6. If a Standalone (i.e., algorithm only without human-in-the-loop performance) Was Done

• Yes, this is a standalone device performance study. The LIAISON® Rubella IgM assay is an in vitro diagnostic device (a lab test system) that provides a qualitative result (Positive, Equivocal, Negative). The studies assess the analytical and clinical performance of this assay itself, generating results without human interpretive input into the device's determination.
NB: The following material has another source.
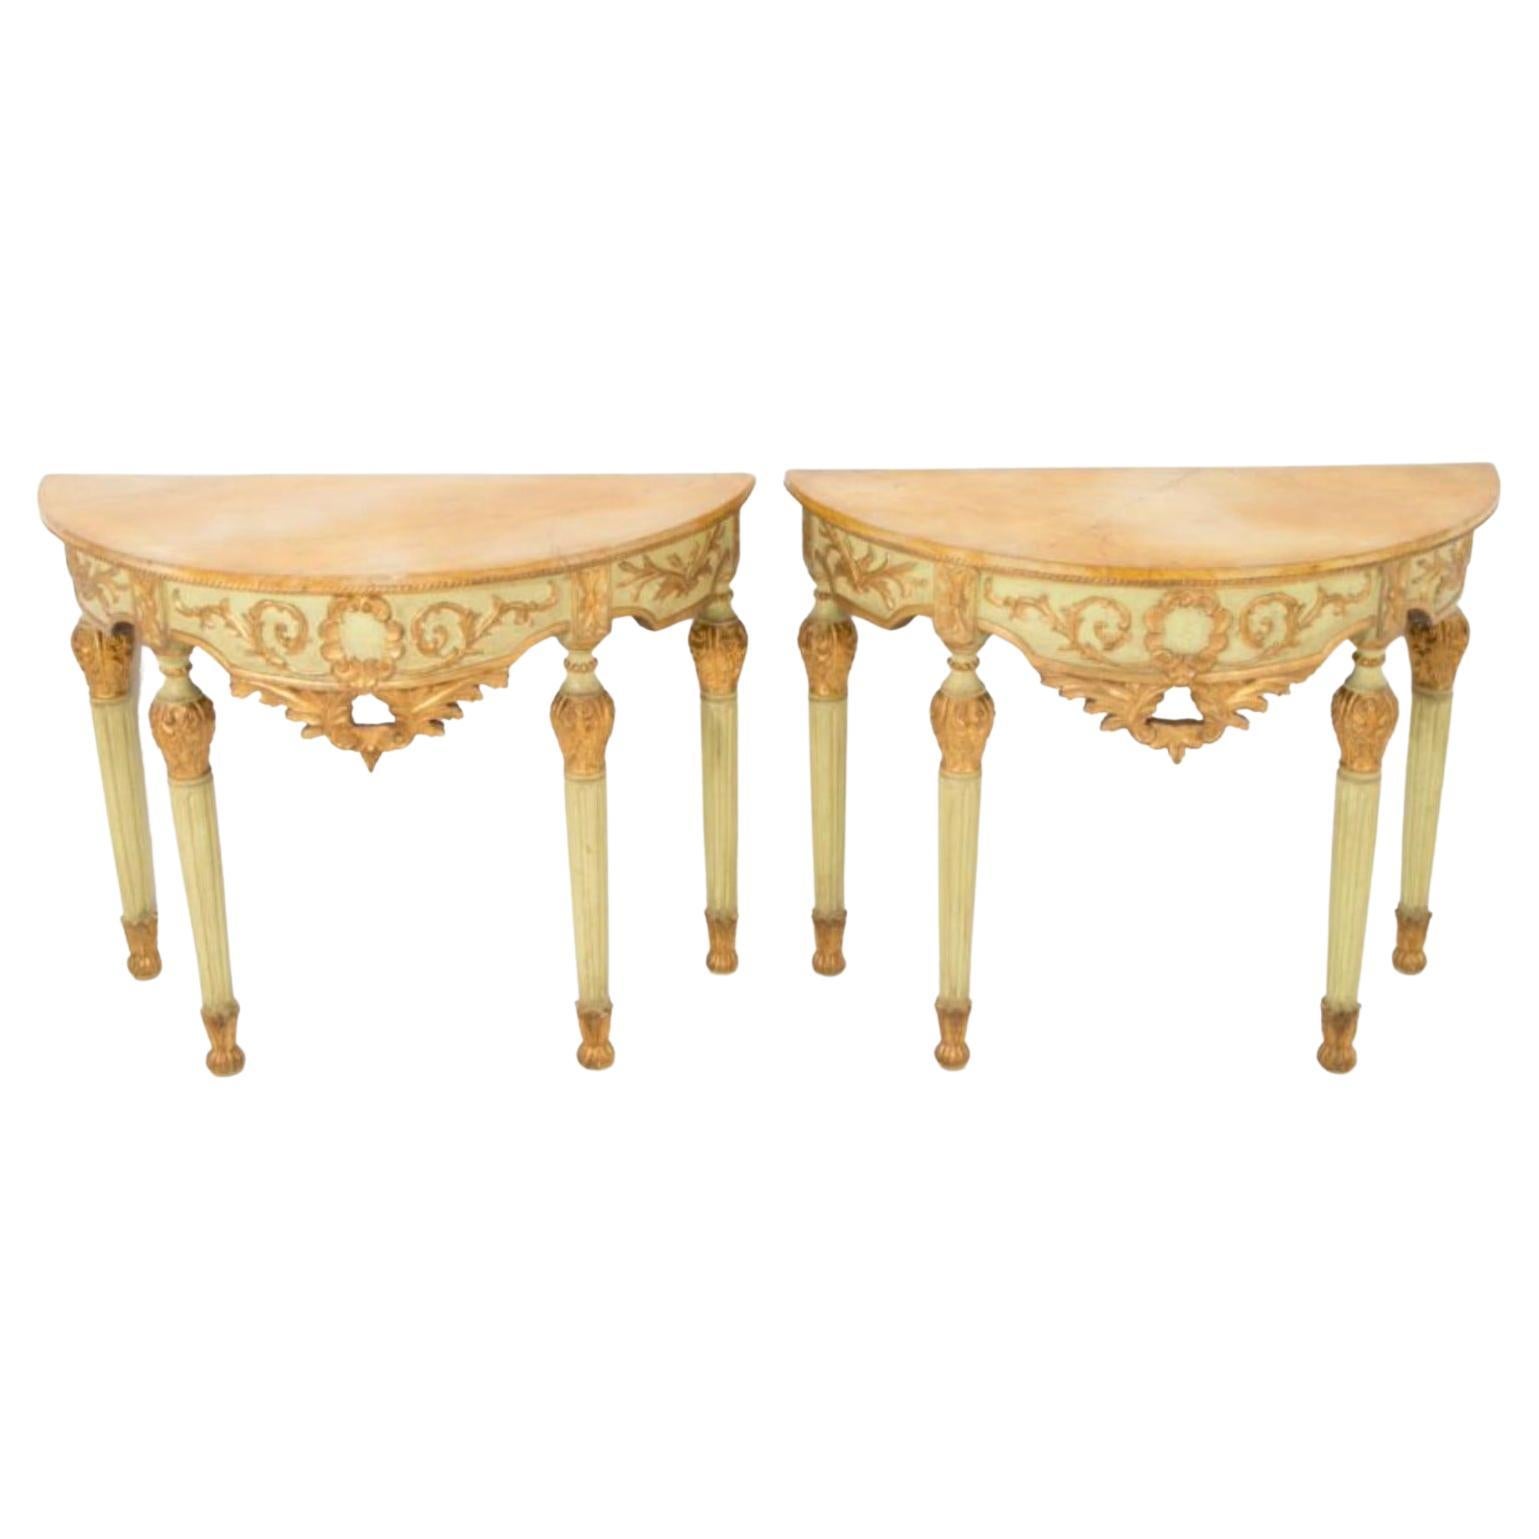 Pair of 19th Century Italian Console Tables

Human laboratory personnel would operate the instrument and interpret the final quantitative result based on the defined cut-offs to a qualitative diagnosis, but the core performance evaluation is of the assay's output.

7. The Type of Ground Truth Used

• Predicate Device/Reference Methods and Clinical Data Consensus.
  • For the comparative clinical studies, the FDA-cleared predicate device (ADVIA Centaur Rubella IgM Assay) served as the primary ground truth for comparison.
  • For establishing the assay cut-off, the ground truth was derived from "consensus between several comparison methods as well as the available clinical and serological data." This falls under a form of expert consensus and reference method agreement based on clinical and laboratory findings.
  • For analytical studies (e.g., cross-reactivity, IgM specificity), the ground truth was based on known characteristics of the samples (e.g., known sero-positivity for a cross-reactant, known Rubella IgM presence/absence, DTT treatment effect).
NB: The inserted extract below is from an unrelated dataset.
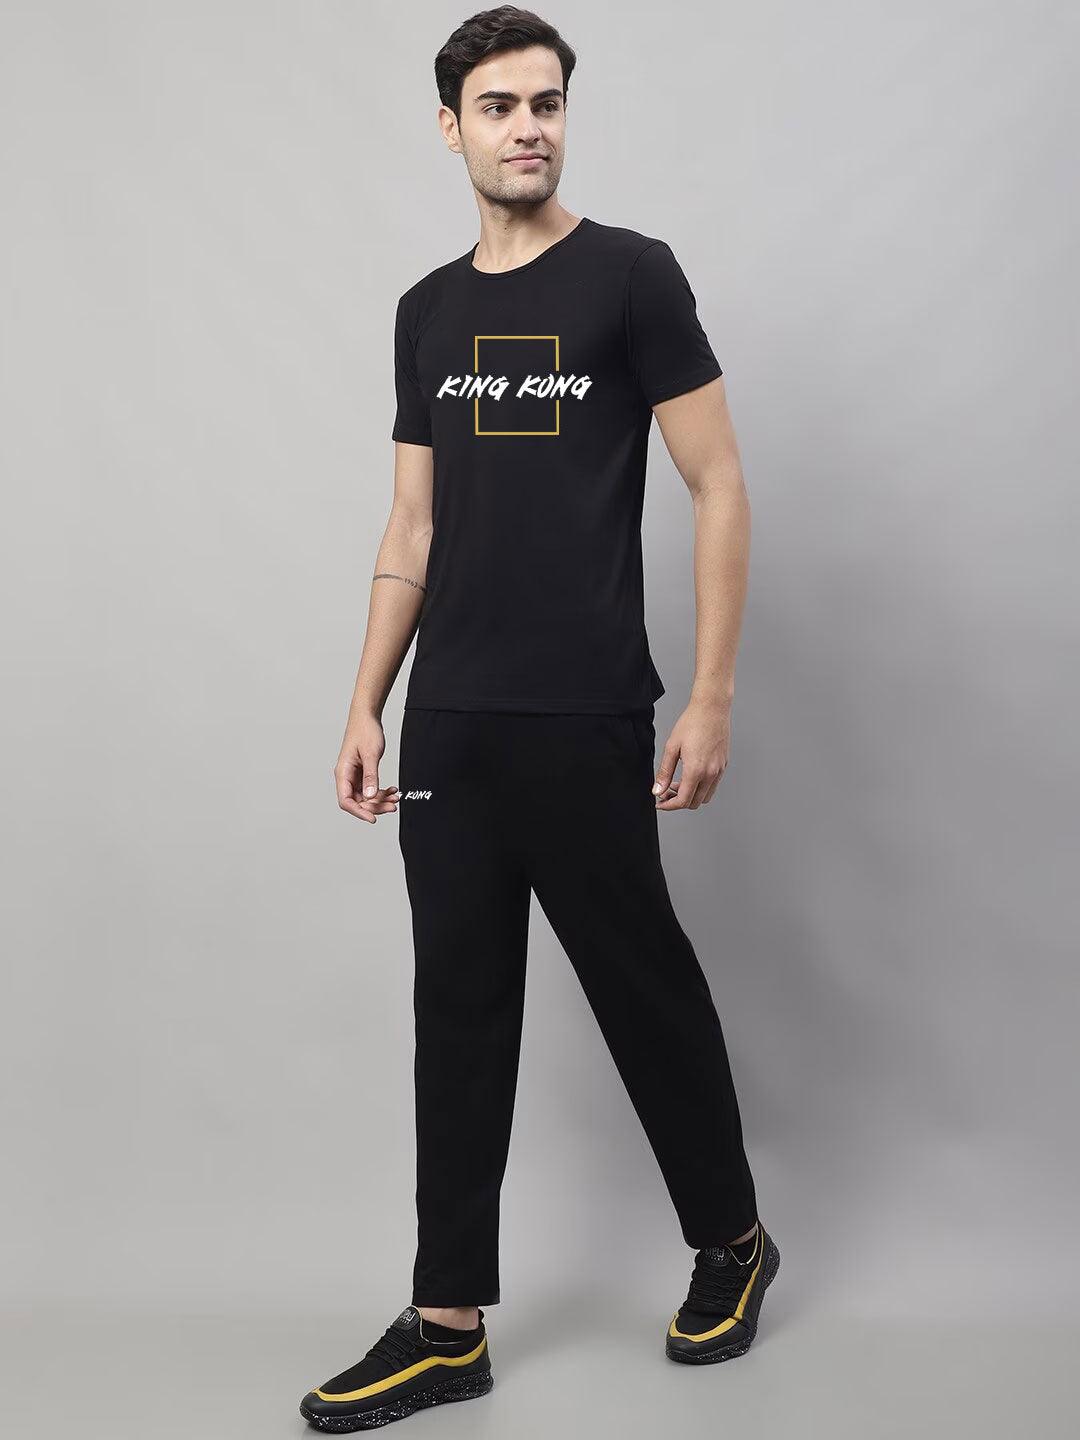 Mens Fitted Track Suits in Black Colour - Aadhitri

8. The Sample Size for the Training Set

• Not explicitly specified for a distinct "training set" in the context of machine learning. As an immunoassay, the device's "training" involves the development and calibration of reagents and the establishment of cut-offs.
• The assay cut-off was established based on studies including "1662 subjects from different populations" (subjects never infected by rubella virus, subjects affected by autoimmune diseases, patients affected by various infectious diseases with similar symptomology, subjects with past rubella infector or vaccine recipients, patients affected by acute rubella infection and subjects with long-lasting rubella virus IgM) in European studies. This large cohort of 1662 subjects would serve as the primary dataset used to "train" or optimize the assay's interpretive criteria (i.e., the cut-off values).
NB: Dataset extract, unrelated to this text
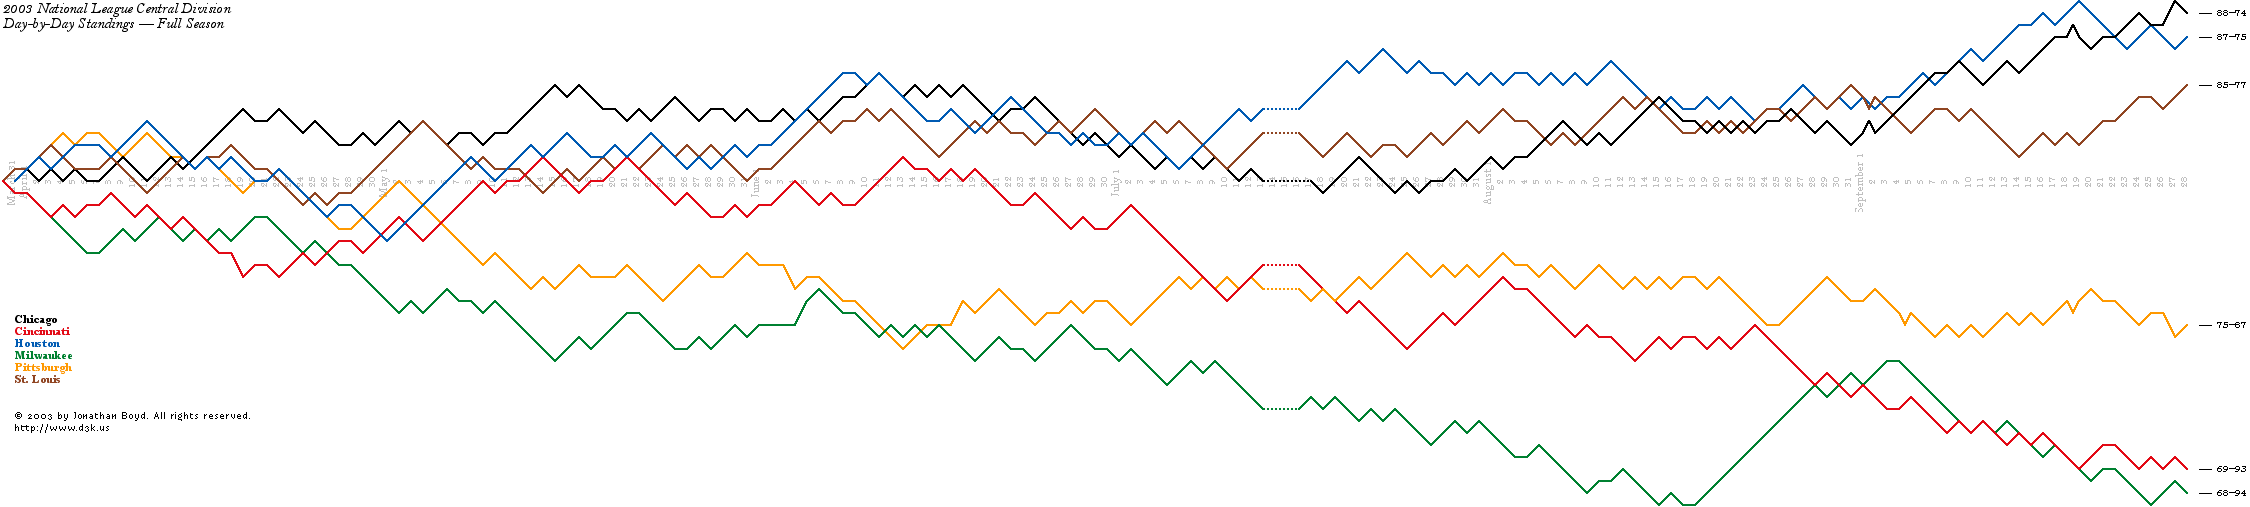 NL Central Division Standings with Wild Card

9. How the Ground Truth for the Training Set Was Established

• The ground truth for the 1662 subjects used to establish the cut-off was determined by:
  • "several comparison methods" (implying other established serological tests for Rubella IgM), and
  • "available clinical and serological data" (suggesting a comprehensive evaluation of patient history, symptoms, and other laboratory findings).
  • The "consensus between the methods as well as the available clinical and serological data" was applied to define the expected results for these subjects. This indicates a robust method involving multiple lines of evidence and expert review.